WHAT YOU HAVE TO DO: For the copy, please give all of the data again exactly and leave the pictures out.

EXERCISE DATA:
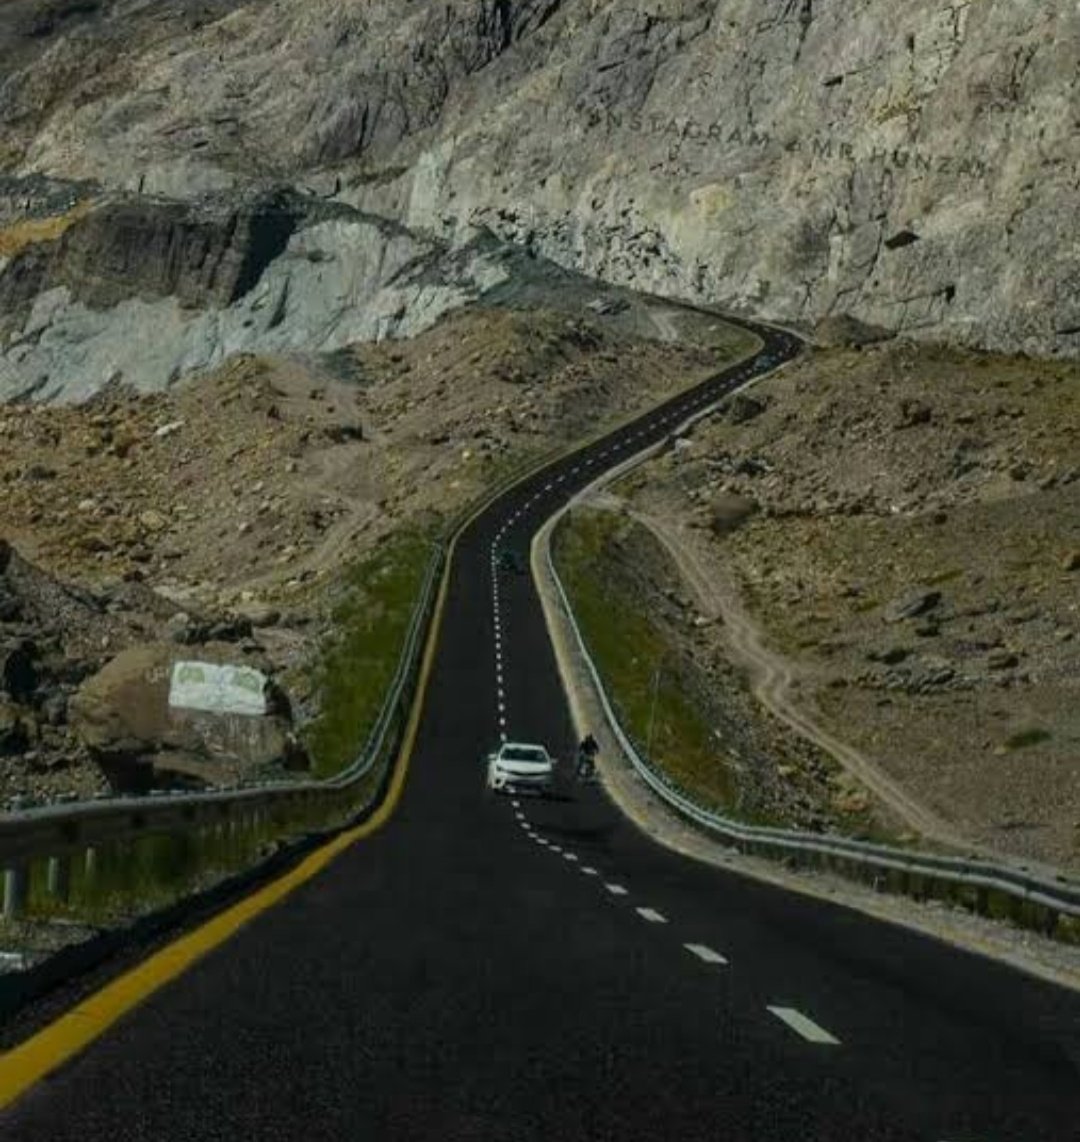 भारत के लिए गिलगित क्षेत्र कश्मीर से भी ज्यादा आवश्यक क्यों है?• चीन ने काराकोरम की पहाड़ियों को चीर कर CPEC के लिए रास्ते बना लिए हैं, जिसे रोकना अत्यंत आवश्यक है• हमें यहाँ से अफगानिस्तान के द्वारा पूरे मध्य एशिया का रास्ता मिल जाएगा5/n #गिलगित_बल्टिस्तान_खाली_करो
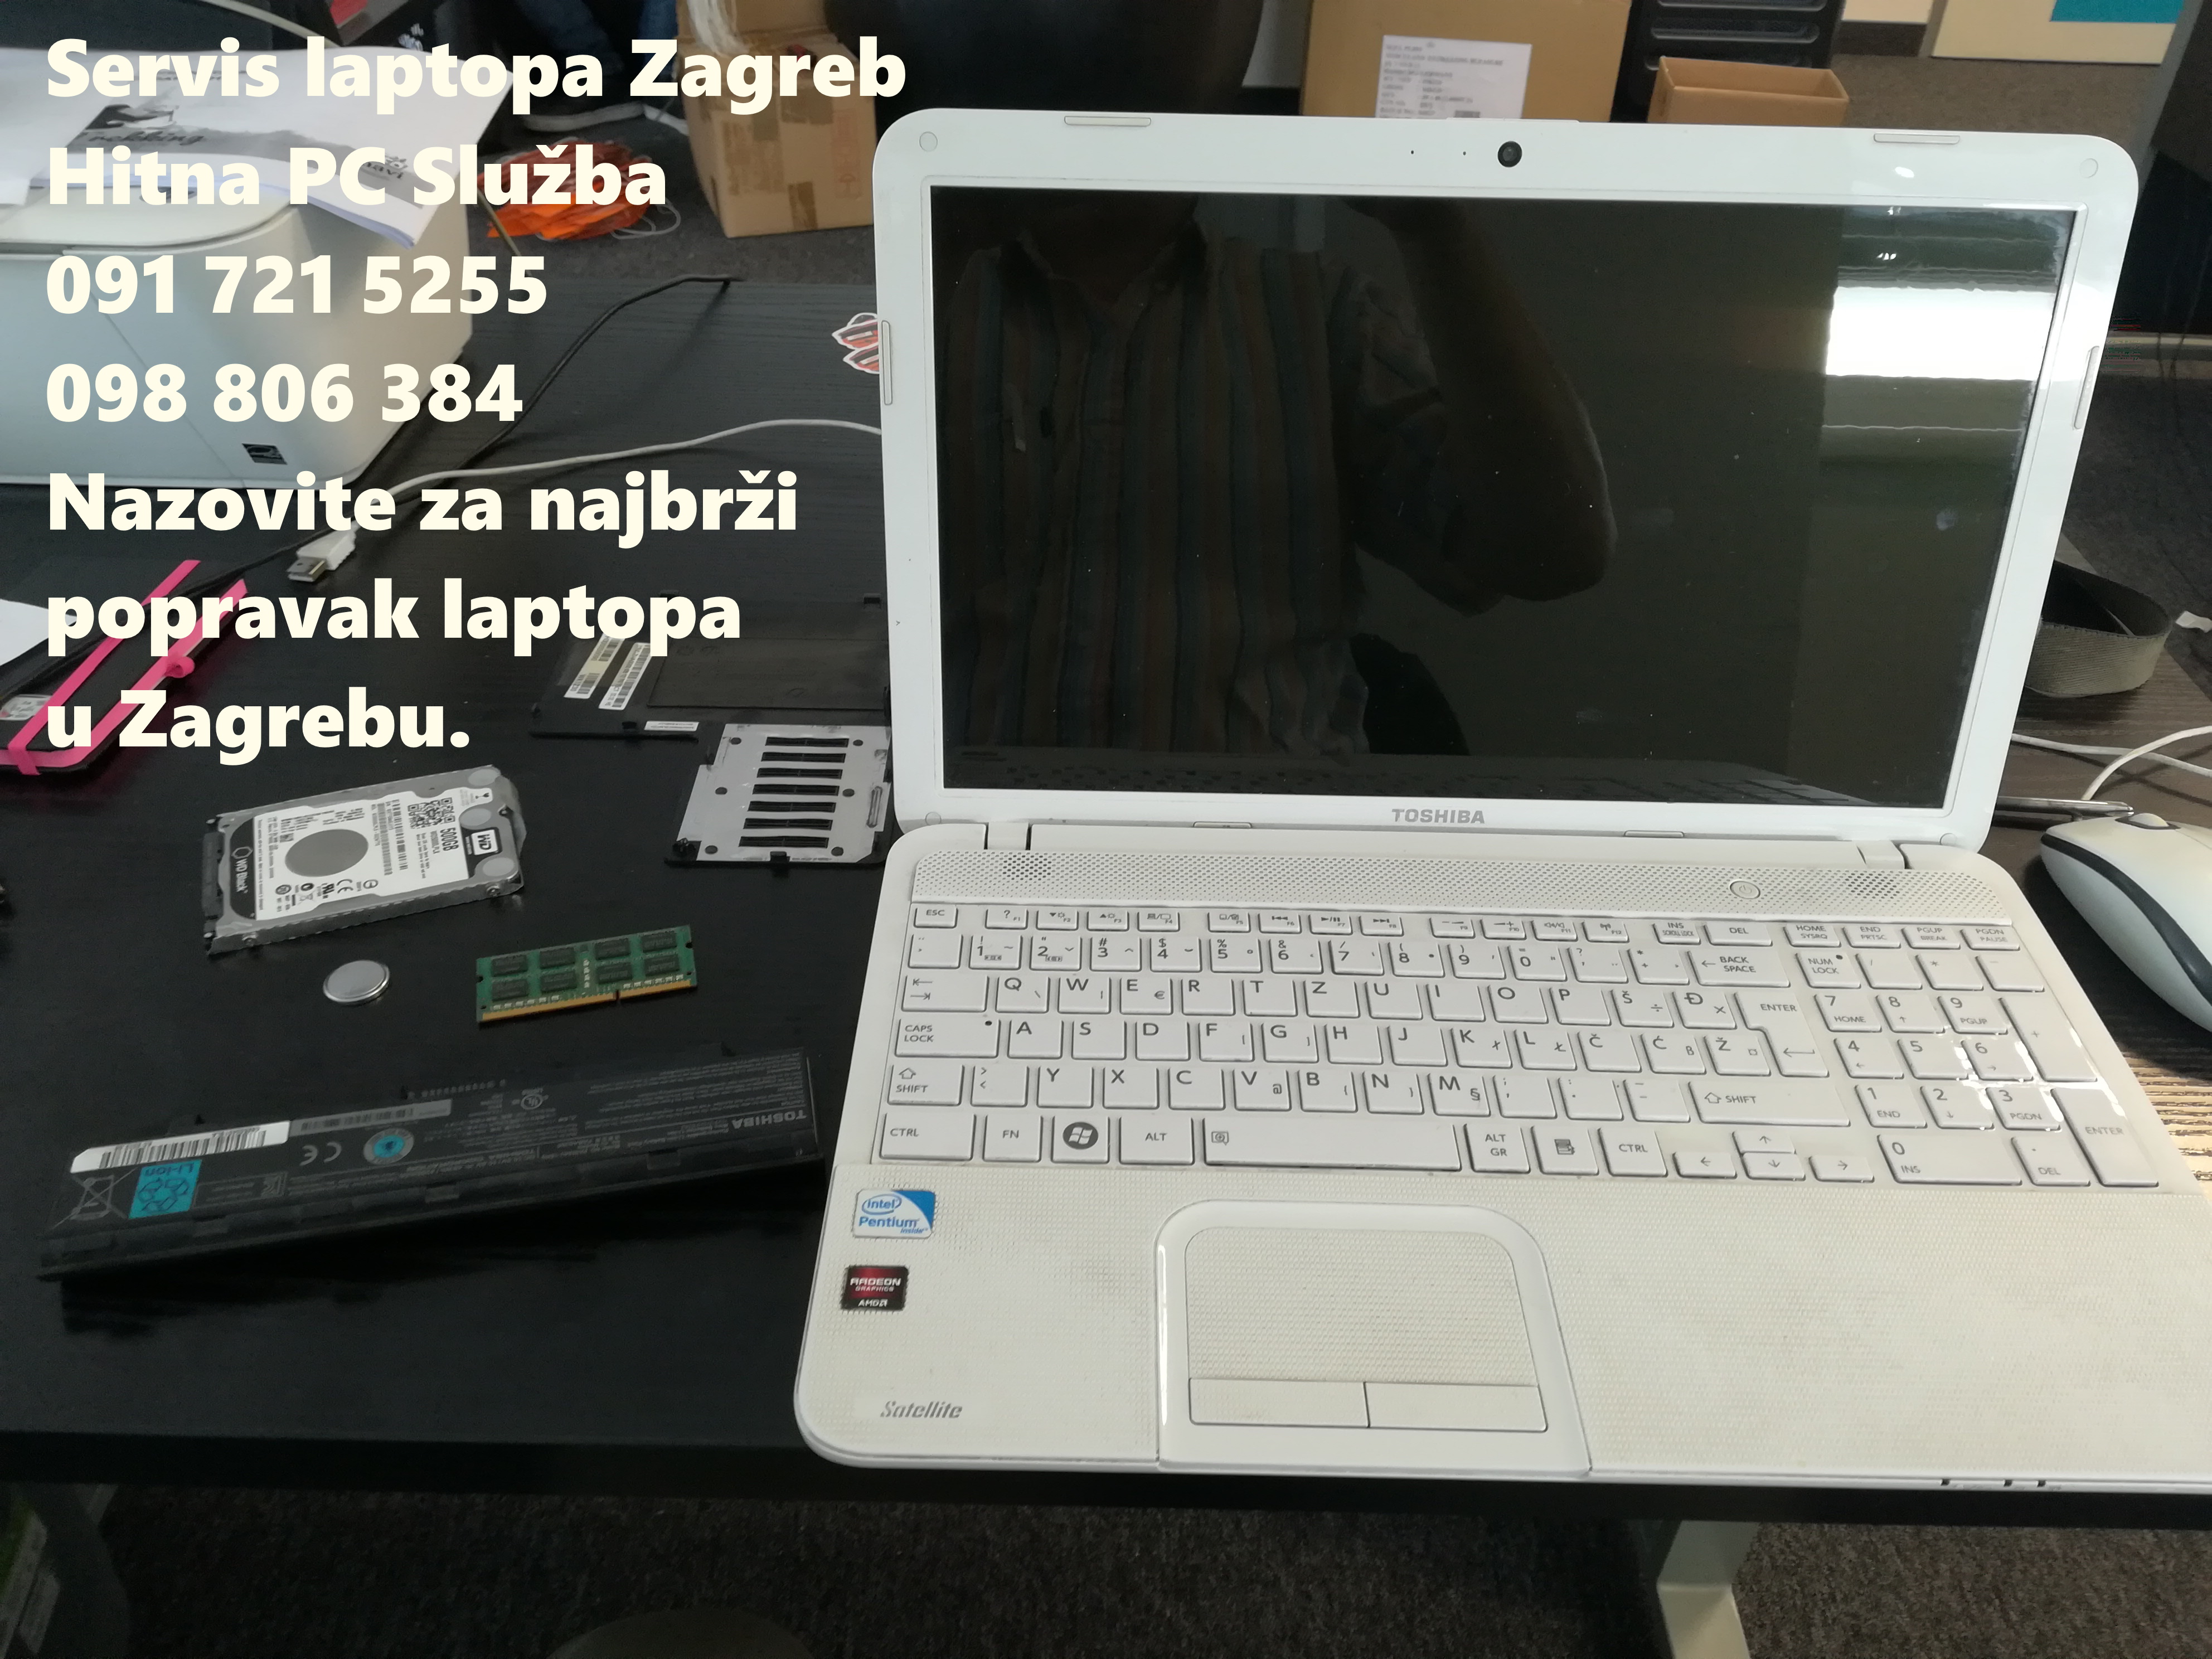 pc doctor servis laptopa Zagreb
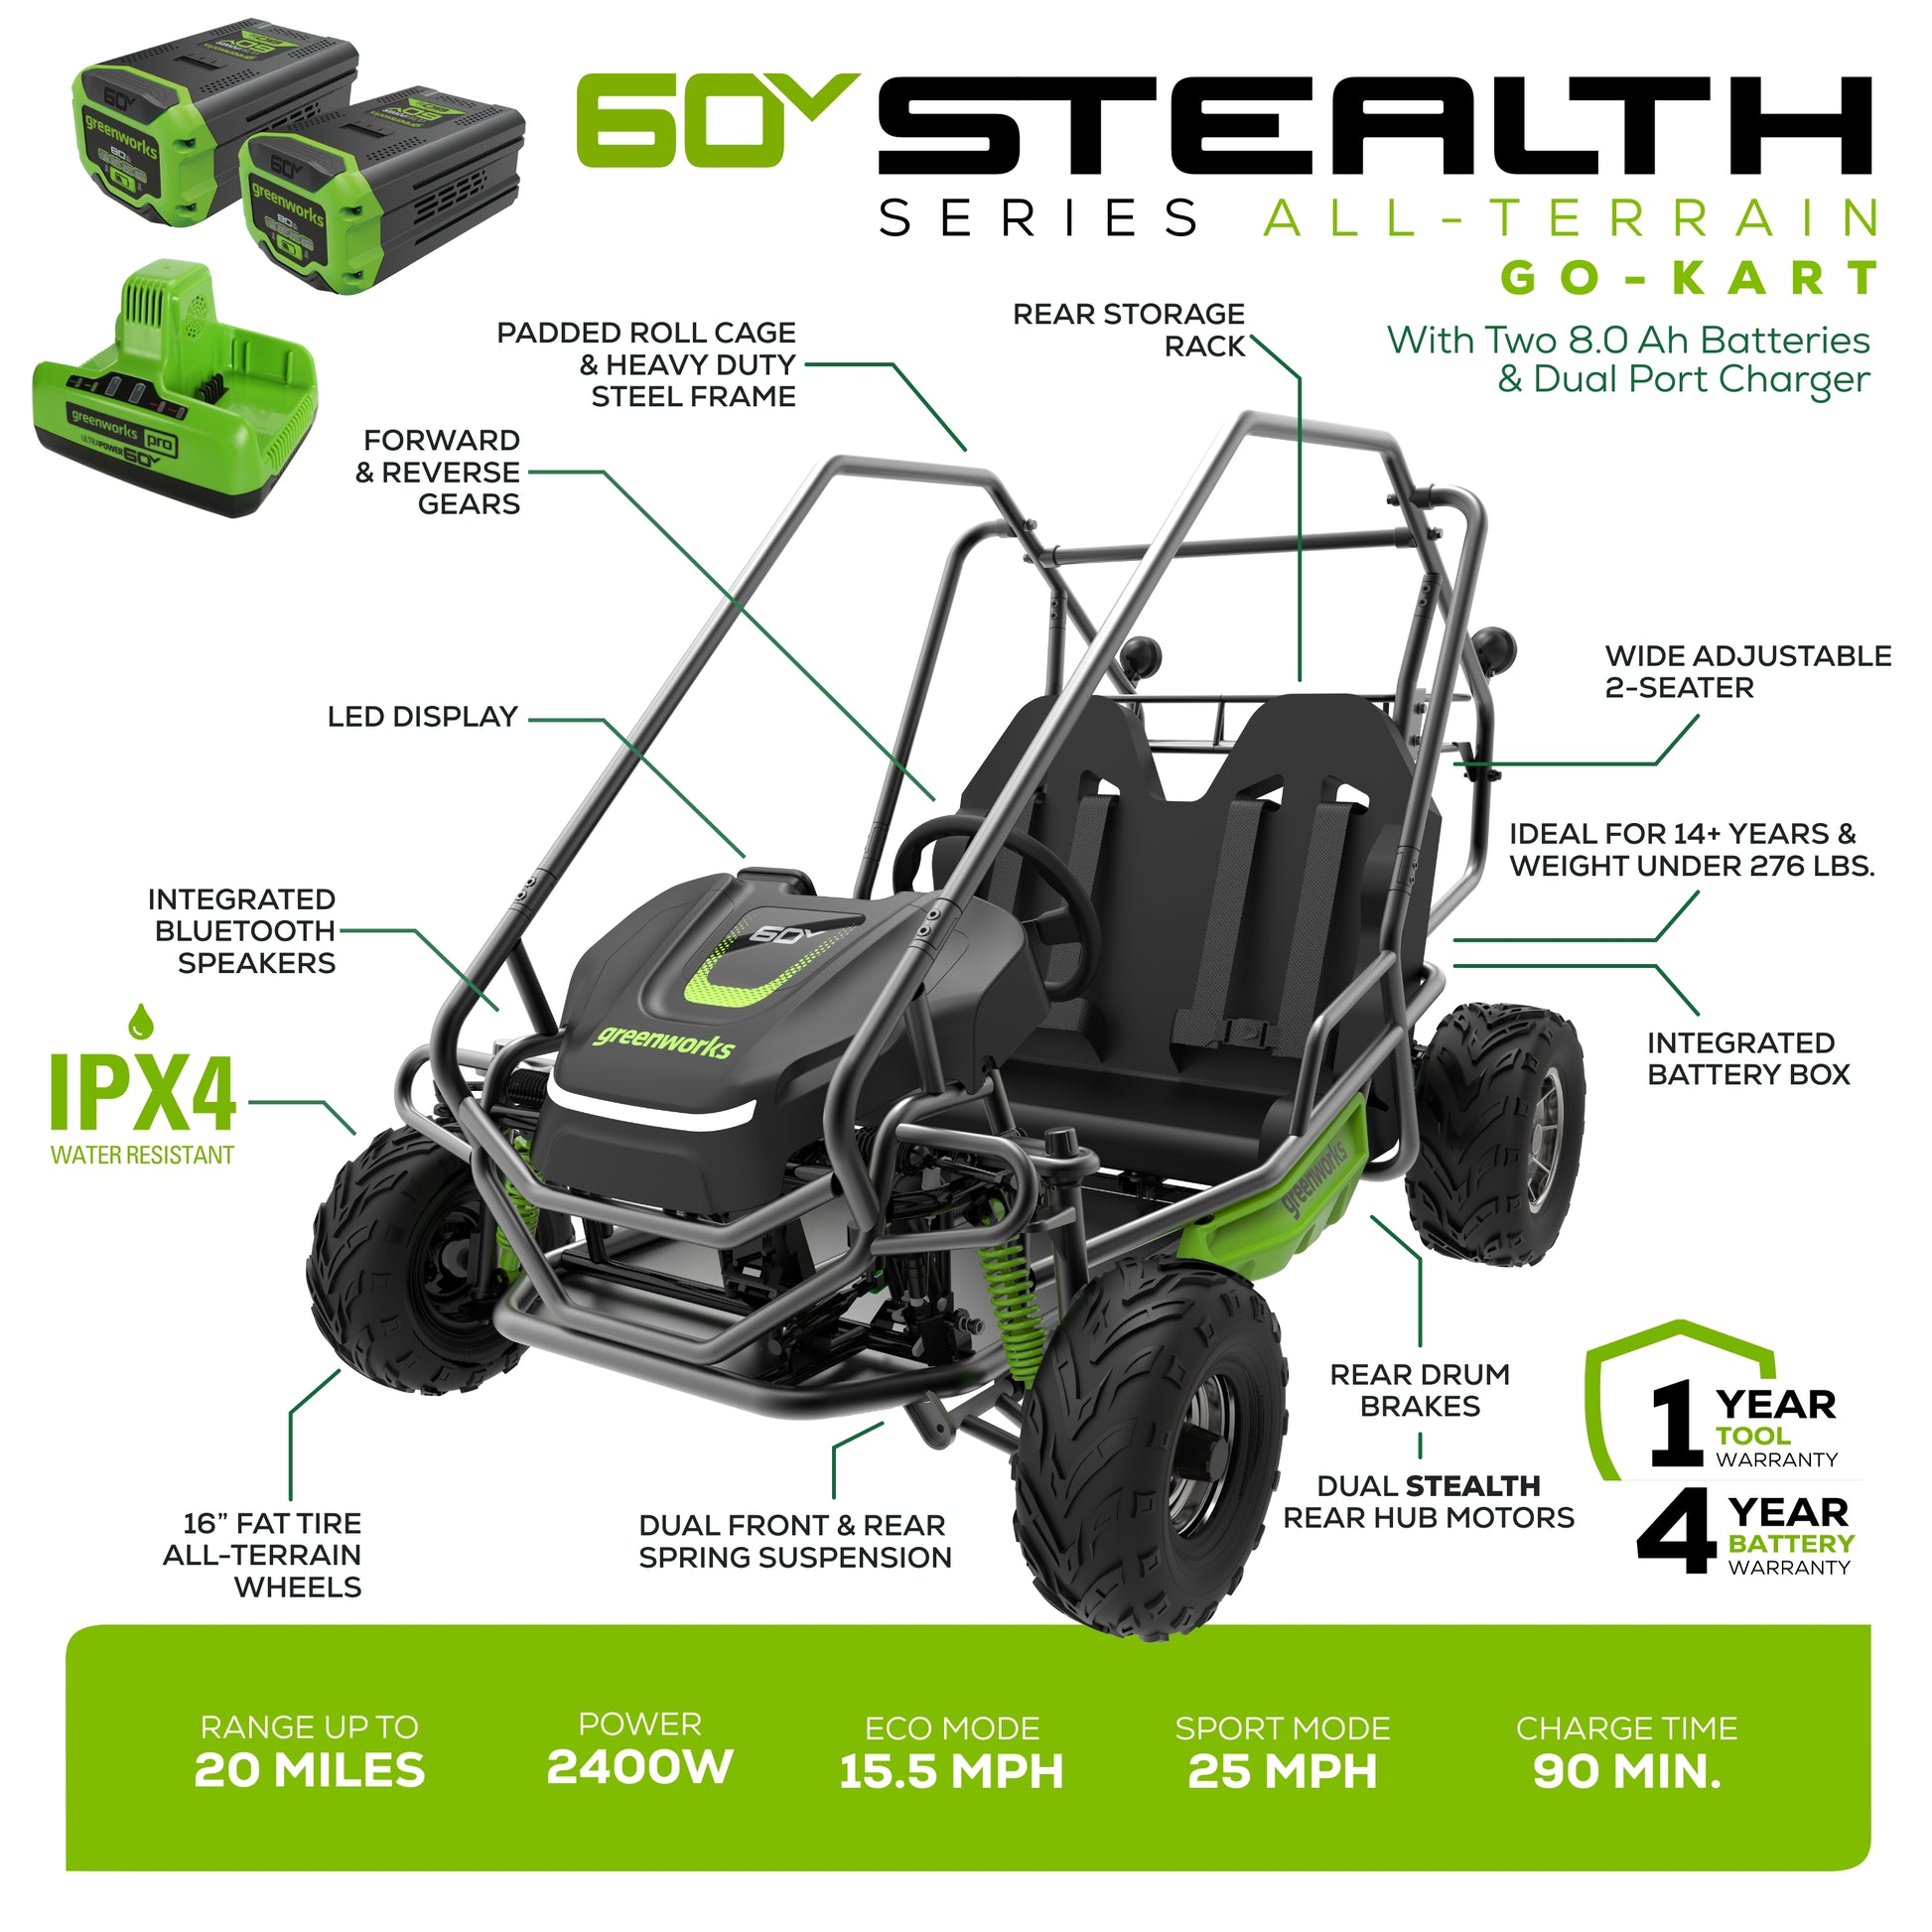 60V STEALTH Series All-Terrain 2-Seat Go-Kart

ANSWER SPACE:
 भारत के लिए गिलगित क्षेत्र कश्मीर से भी ज्यादा आवश्यक क्यों है?• चीन ने काराकोरम की पहाड़ियों को चीर कर CPEC के लिए रास्ते बना लिए हैं, जिसे रोकना अत्यंत आवश्यक है• हमें यहाँ से अफगानिस्तान के द्वारा पूरे मध्य एशिया का रास्ता मिल जाएगा5/n #गिलगित_बल्टिस्तान_खाली_करो
 pc doctor servis laptopa Zagreb
 60V STEALTH Series All-Terrain 2-Seat Go-Kart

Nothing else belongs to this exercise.